▶ **Required action**:
Exactly retype the lines below from the one containing "Tennis ITF W15" through the end of the listing. Leave pictures out.

▶ **Supplied information**:

Content starts

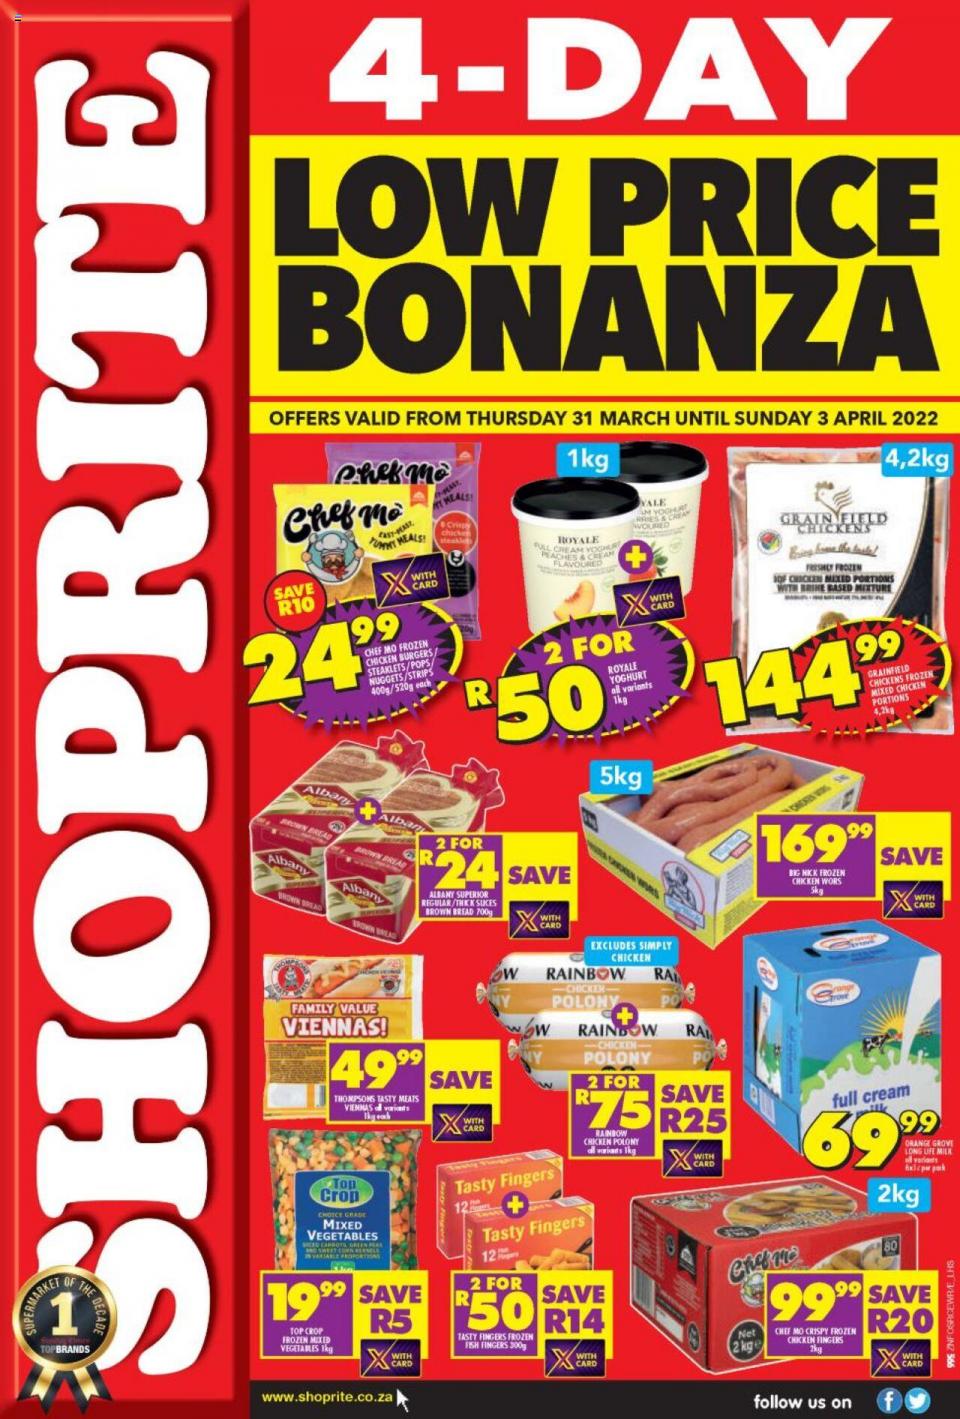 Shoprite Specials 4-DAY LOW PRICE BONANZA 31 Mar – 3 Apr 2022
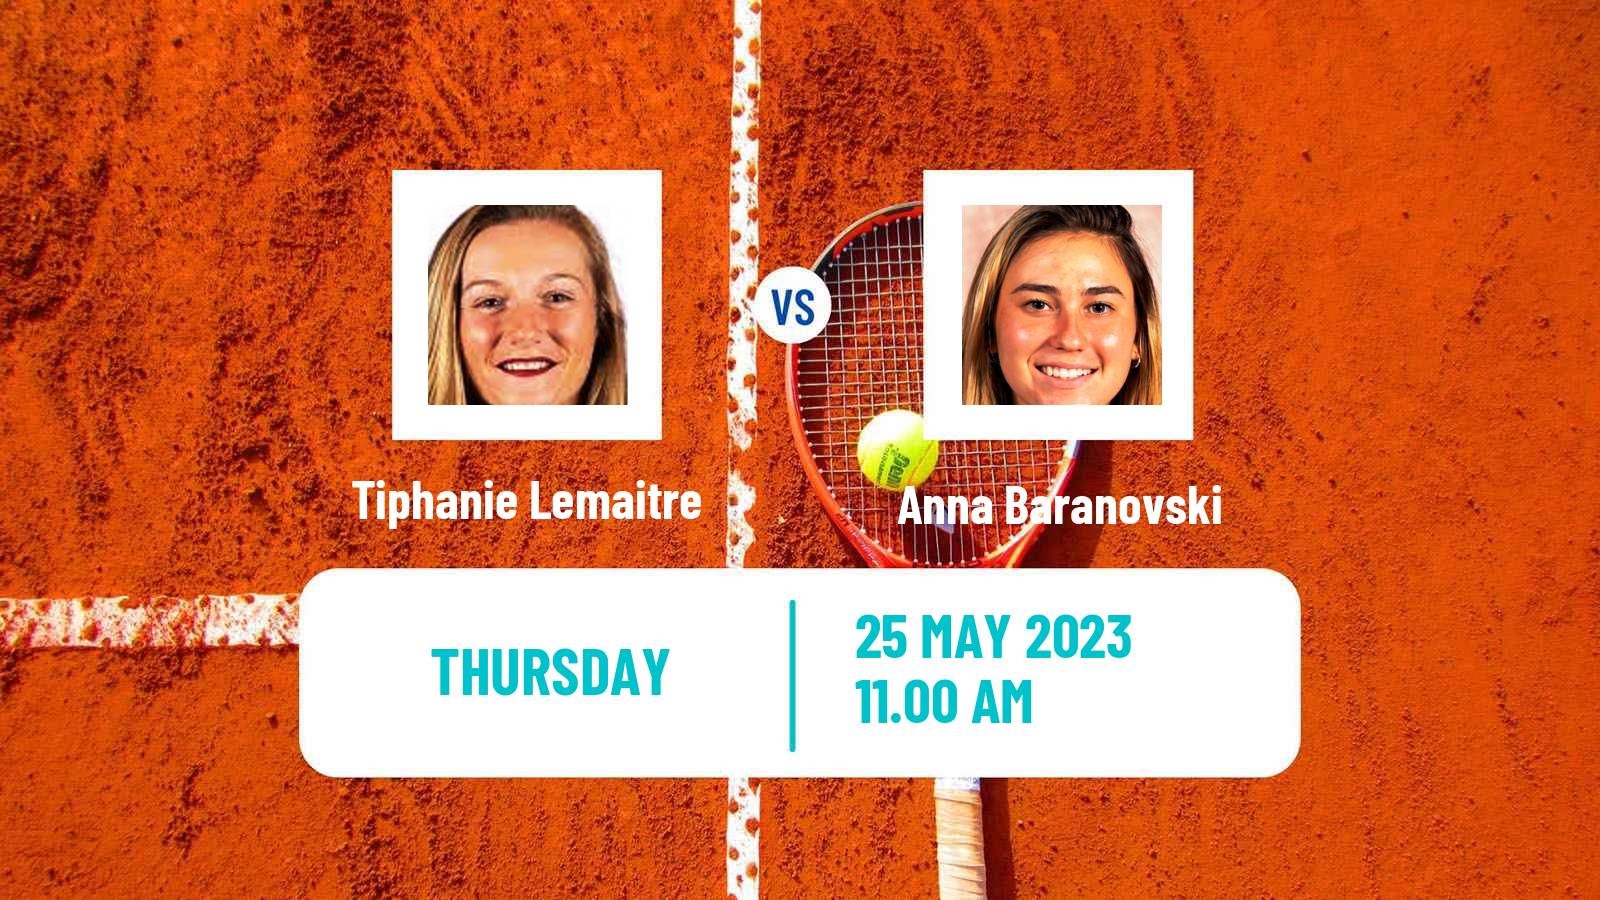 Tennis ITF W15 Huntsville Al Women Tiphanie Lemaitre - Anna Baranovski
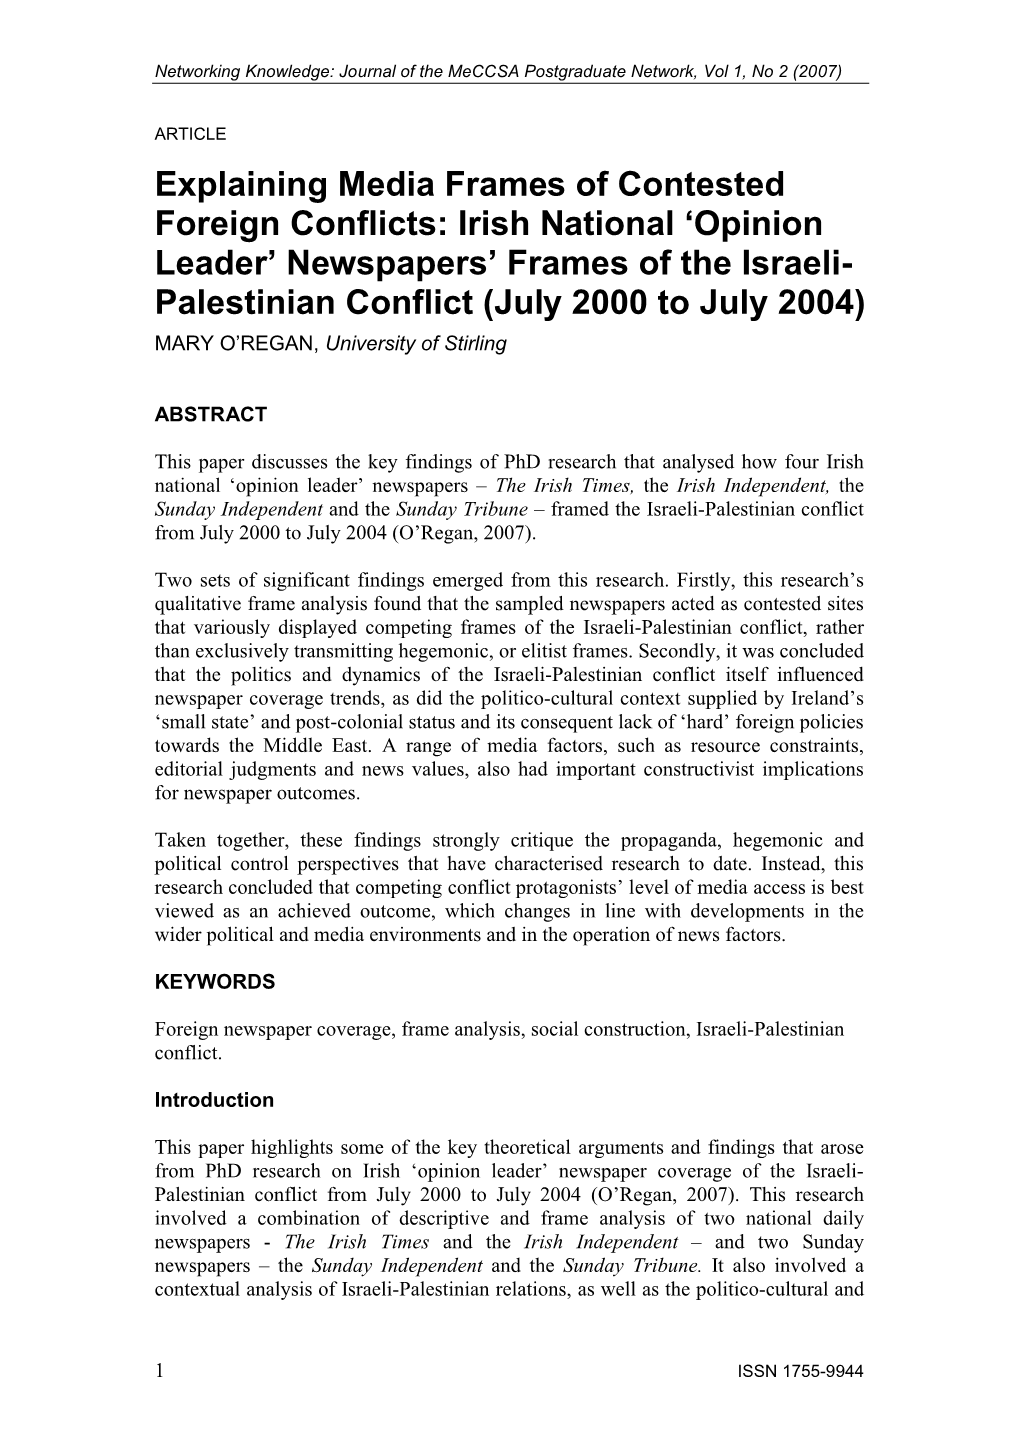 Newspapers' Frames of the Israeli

Content ends

▶ **Answer section**:
 Tennis ITF W15 Huntsville Al Women Tiphanie Lemaitre - Anna Baranovski
 Newspapers' Frames of the Israeli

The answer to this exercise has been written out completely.